私は人事部の能力開発チームに所属しているので、接遇インストラクターとしての活動そのものが業務の核となっています。社内研修では、新入社員の入社時研修から中間層の研修まで、接遇インストラクターが担当するカリキュラムを受け持っています。また、社外研修として、病院や市役所、学校、商業施設などにも伺います。そこではロイヤルホテルのおもてなしをベースに、立ち居振る舞いや姿勢、表情の使い方など、人と接する仕事に欠かせないエッセンスをお伝えしています。(竹中)
私はブライダル部に所属しながらの活動で、主にパート・アルバイトの方や新入社員向けの研修を担当しています。まだ認定されたばかりで勉強中ではありますが、接遇の基本や、私たちが大切にしている想いを、少しずつ伝える機会をいただいています。(上原)
──研修を行ううえで、特に意識していることはどんなことでしょうか。
私が大切にしているのは「心のキャッチボール」です。一方的に教えるのではなく、受講者の声に耳を傾けながら、ともに研修を作りあげていくことが私の理想です。皆さんとキャッチボールを重ねることが、私自身の学びにもつながっています。
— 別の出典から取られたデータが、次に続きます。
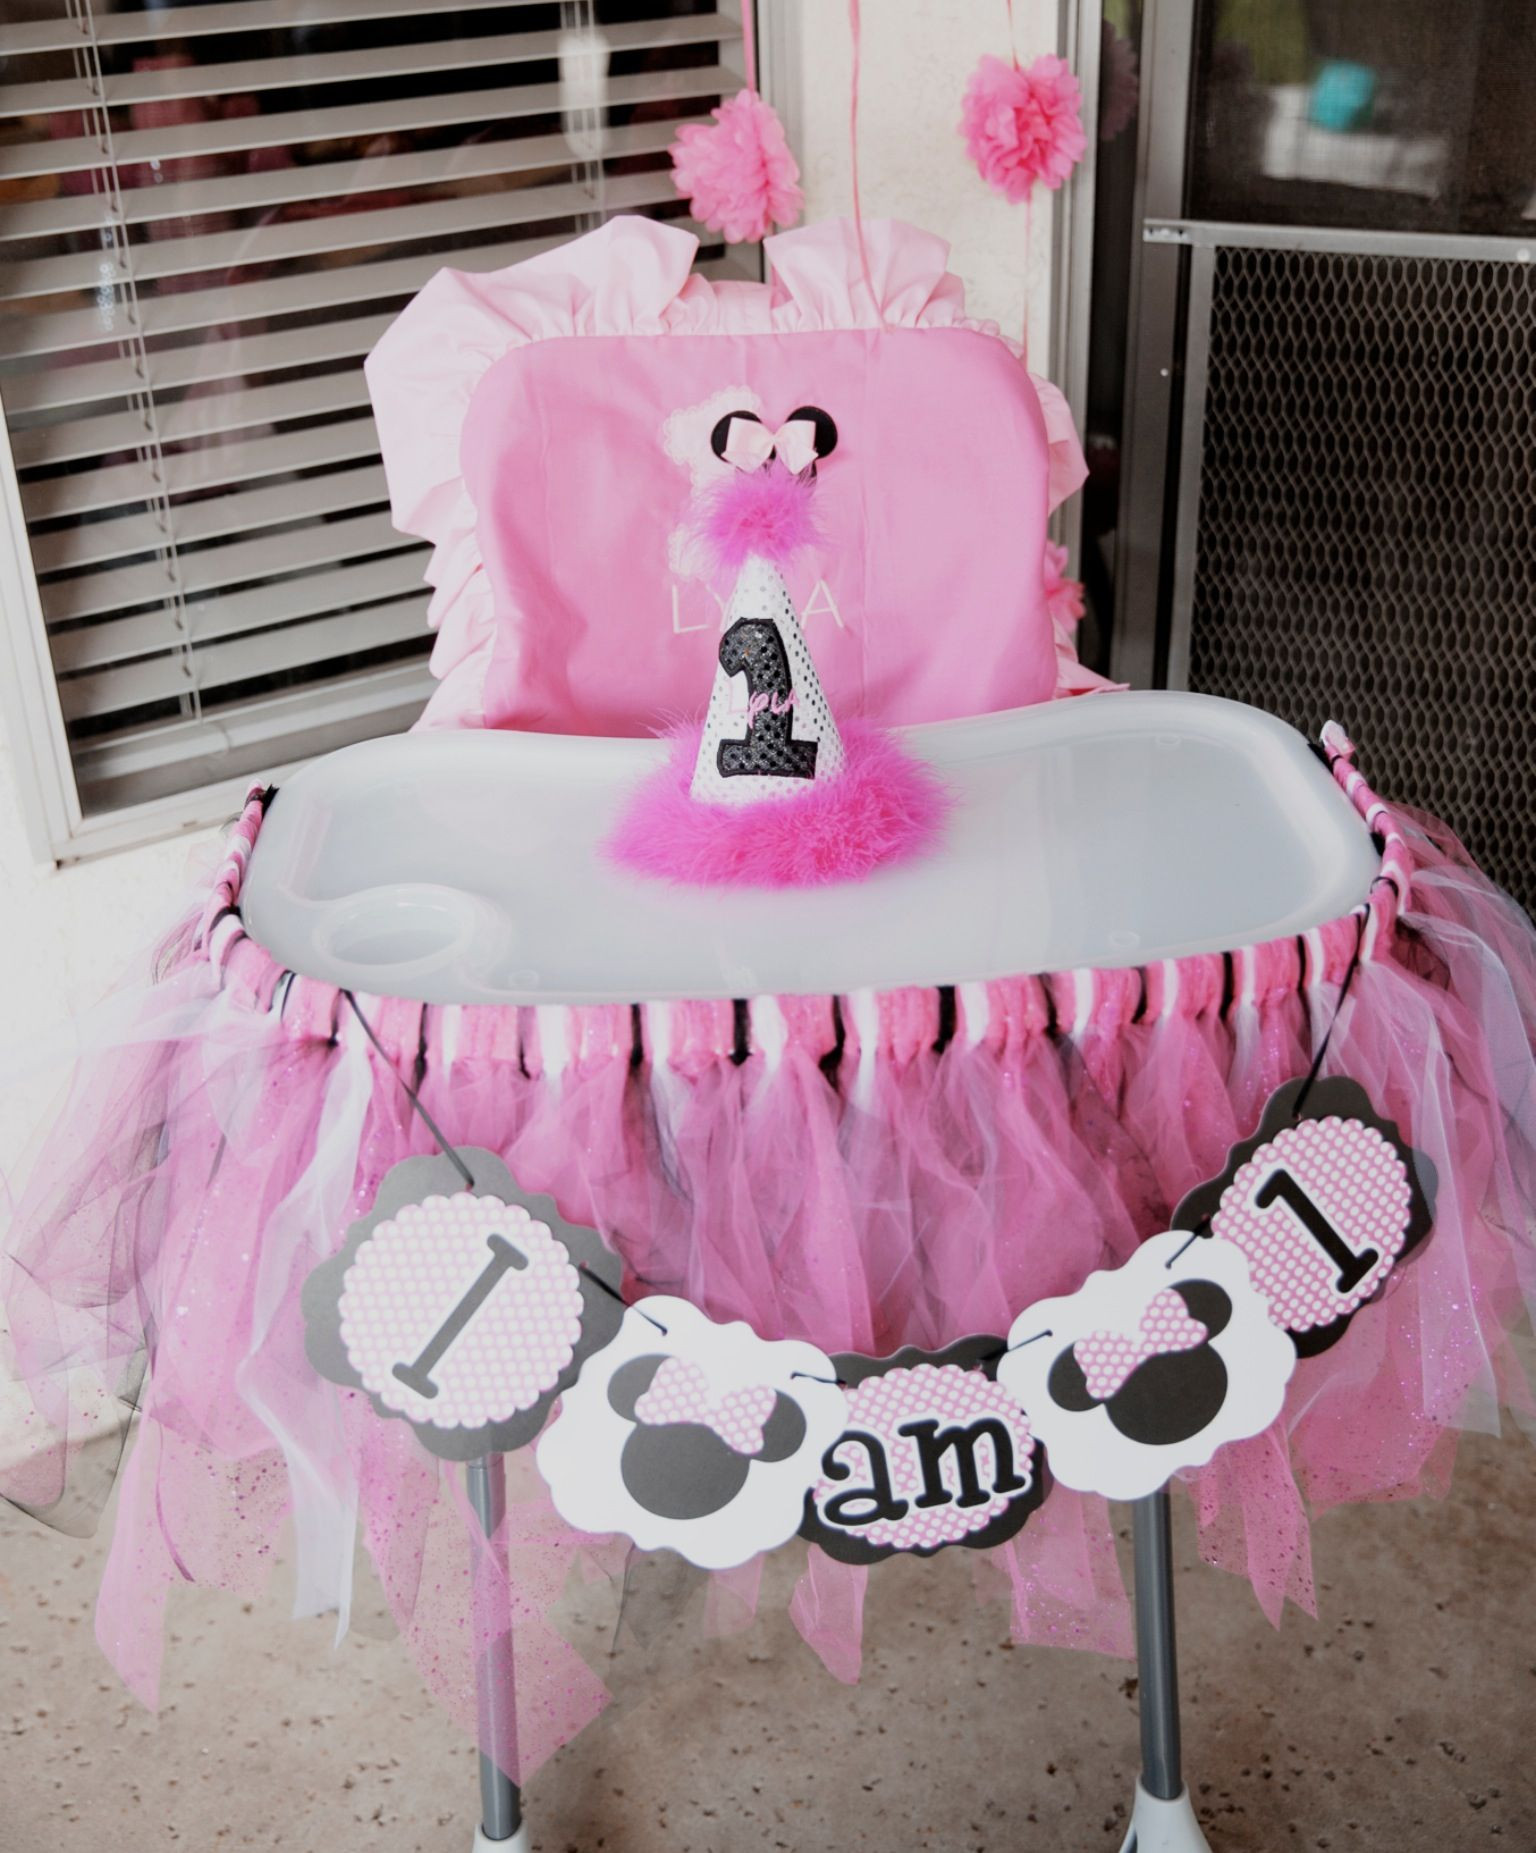 Minnie Mouse Ideas For 1st Birthday Party
 Minnie Mouse high chair I am one first birthday Minnie

また、この学びが現場でどのように生かされるのかを具体的にイメージしてもらうために、研修では自身の経験を交えるようにしています。新人の頃は、なかなかお客様に名前を覚えていただけませんでした。でも、接遇インストラクターの認定を受け、自信を持って接遇に向き合うようになってからは、お客様から声をかけていただく機会が増えました。そうした実体験を通して、接遇は確実に現場で力になることを、少しでも実感してもらえたらと思っています。(竹中)
私は「自分自身が模範であること」を常に意識しています。かつて先輩方の姿に憧れ、「こうなりたい」と感じた経験があるからこそ、教えが心に深く残りました。皆さんの前に立つときは、声のトーンや言葉遣い、笑顔、姿勢など細部にまで気を配り、「目指したい」と思っていただける存在でありたいと考えています。(上原)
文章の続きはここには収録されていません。